Криминалисты взялись изучать фотографию, но установили одно, что есть абрис, и нет плоти, один свет. Собственно, это и так было видно. Они долго спорили, пока не забыли о предмете спора. Остались одни очертания версий.
– Так на фотографии она? – допытывался у них Куксо.
– С вероятностью шестьдесят процентов, – ответили криминалисты.
Куксо явно пребывал в растерянности, нет-нет, да мелькавшей в его глазах и съежившейся фигуре. Следователей несет и раздувает от версий, а без них они, как воздушный шар без горячего воздуха. Да, паря, не просто тебе, версии ни одной. Хотя рысь и факт, но факт, прямо скажем, скорее мистический, чем исторический, с которым лучше к руководству не соваться. А оно уж наверняка торопит и интересуется. В милицейских буднях ничего интересного, но почему они всех интересуют?
После обеда Куксо добили информацией о том, что у чучела между когтями куски мышечной ткани убитого, которые искусственно попасть туда никак не могли.
Весь вечер Элоиза провозилась на кухне…
Весь вечер Элоиза провозилась на кухне, и когда я заходил туда, прятала от меня глаза. Я старался не досаждать ей и тупо смотрел в телевизор. Уже часов в девять она позвала меня ужинать. Макароны, запеченные с сыром, мы ели сосредоточенно, как будто это была костистая щука. Я сдержанно, но часто нахваливал блюдо.
– Много лет назад он заметил меня на пляже, – сказала вдруг Элоиза, – познакомился, проводил до остановки и пригласил домой.
Элоиза не сказала, кто "он", но было ясно и без слов. Я чувствовал, что краснею, и видел, что она заметила это.
– Нет-нет, не подумай чего, – сказал она, – ничего такого не было. Впрочем, думай, что хочешь, дело прошлое. Все было ужасно целомудренно, просто уму непостижимо! Но для меня тогда это было так естественно. Родители мои были известными людьми. Отец – замдиректора академического института, мама – начальник отдела в этом же институте. Они воспитывали меня в строгой приверженности к четким формулам и константам морали и порядочности, и я впитала их, они стали моей сутью.
– Математики?
– Я не сказала? Химики. Они были очень недовольны, что я пошла не в химию, а в музейное дело. Ко мне в музее было особое отношение, не знаю и почему. Все как-то бережно обращались со мной, как с фарфоровой статуэткой. Меня любили все. За что?.. Несколько дней он изящно ухаживал за мной, дарил цветы, говорил много об искусстве Возрождения, о фресках, статуях, музеях, картинах и судьбах живописцев. Каждый вечер приглашал меня в театр, в филармонию, на выставку. Я, привыкшая к изяществу точных наук и гармонии хрусталя и оружия (хотя какая гармония в оружии?), открывала для себя как бы новый мир. Я была благодарна ему за это. Он подарил мне на День рождения чудесное черное платье, в котором я была неотразима. Цвет платья был необыкновенно глубок. Оно скоро покрылось мужскими взглядами, как сажей.
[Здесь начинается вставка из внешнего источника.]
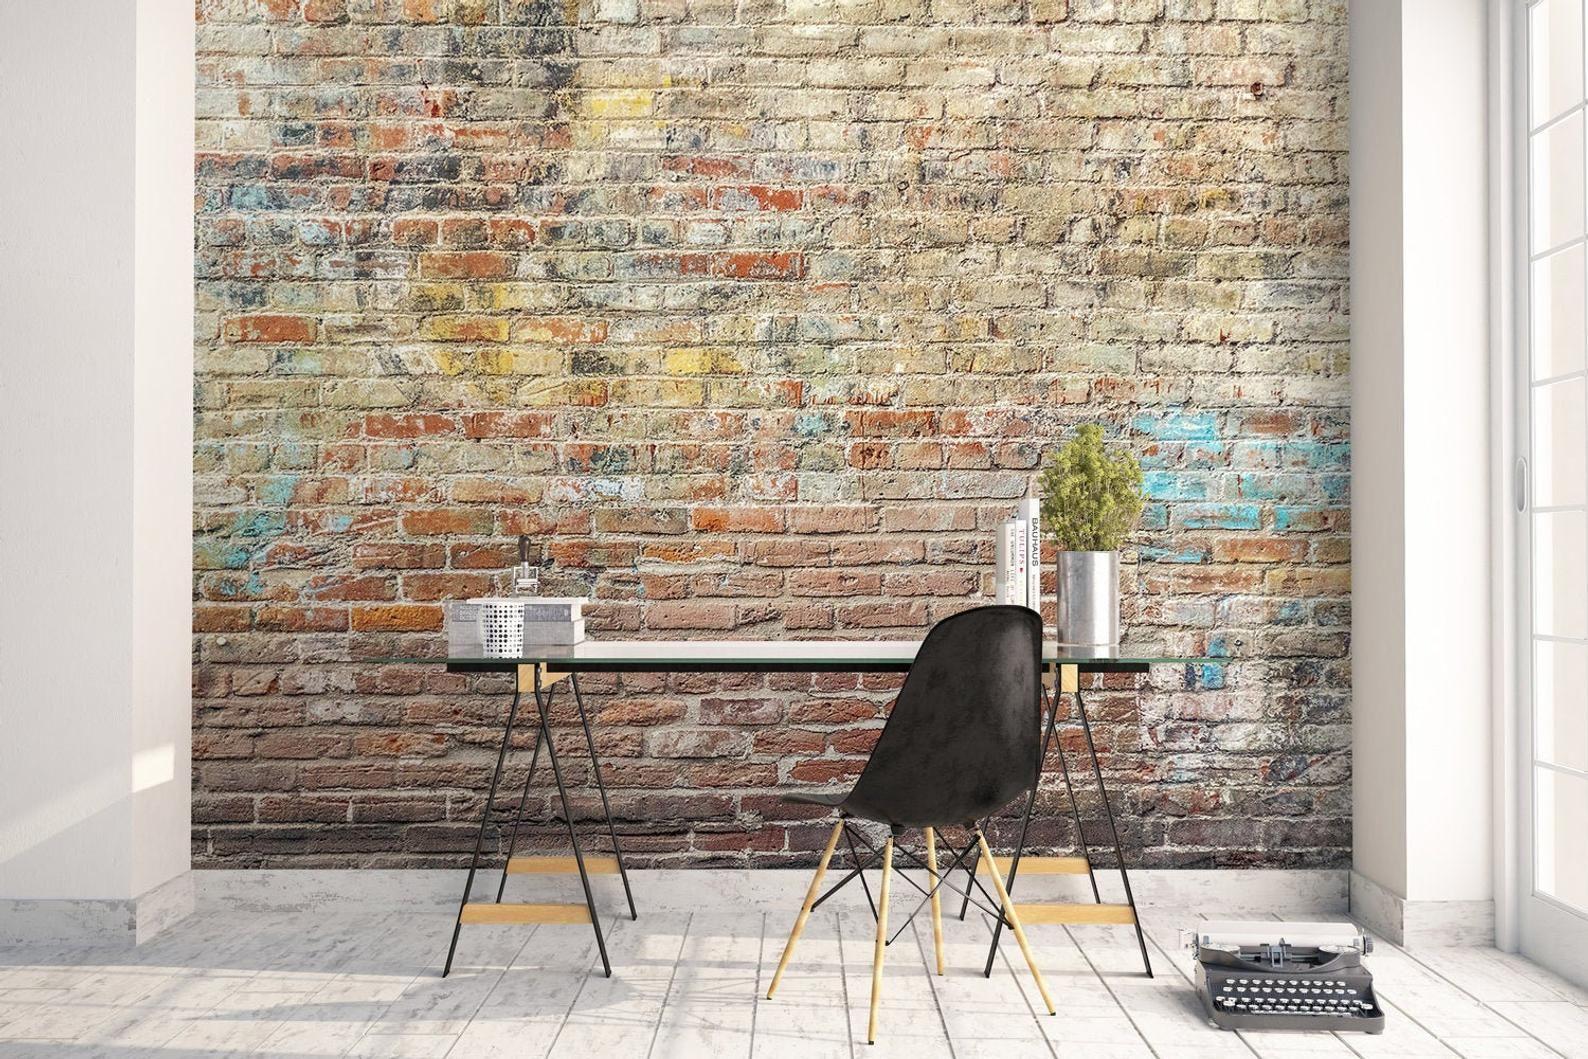 Peel And Stick Self Adhesive Faux Brick Wallpaper Removable Etsy In 2020 Faux Brick Wallpaper Removable Brick Wallpaper Brick Wallpaper

Он показал свои фотоработы. Они мне понравились. В них была, как бы это сказать, страсть. В них была страсть познавания. Это надо было видеть…
– Ограничимся словами, – сказал я.
Я пожалел о сказанном, но слова уже улетели и зажили где-то самостоятельной жизнью.
– Он и не упрашивал меня. Как-то так получилось само собой, он стал снимать меня. Много, меня одну. Отдельно лицо, глаза, изгиб шеи, руки, плечо, колени, даже родинку на запястье, всю издали… Потом, когда мы стали близки, он фотографировал меня по-всякому. Я испытывала наслаждение, так как он, я чувствовала это, тоже испытывал наслаждения от того, что обладал мною не только в жизни, а еще и в своем искусстве. Фотография – дьявольское искусство. Недаром некоторые религии запрещают фотографировать человека… Так продолжалось с полгода. А потом он все эти фотографии разместил на своей первой персональной выставке в нашем музее. Размазал меня по стене. У входа висели мои глаза, руки, родинка на запястье, потом мое тело, а потом пошла композиция и детализация, как на плакатах в мясном отделе гастронома, с премилыми названиями: "Лотос семнадцатой встречи", "Райская чаща"… Он назвал выставку "Продвижение". Выставка произвела фурор, она была в жилу в конце восьмидесятых. Публика роняла слюну…
Я не знала ничего, так как была в отпуске. Мне рассказала Салтычиха. Специально приехала после работы. Она тогда была простой кладовщицей. Я бы его задушила, паразита, сказала она тогда мне. А когда я пришла на работу, все зашумели: ну, Элька, даешь, мы и не знали, что ты такая!
Когда я в первый раз пришла на выставку, я себя не узнала. Я пробежала, ничего не соображая, взглядом по фотографиям, надписям под ними. А после этого весь мир задрожал, как будто его трясла лихорадка, как при землетрясении. Я почувствовала себя плохо и очнулась только дома. Первое, о чем я подумала, – куда бы убежать? Убежать даже из жизни. Мне тогда было все равно. Я не ложилась спать, а ходила по комнате, как зверь по клетке.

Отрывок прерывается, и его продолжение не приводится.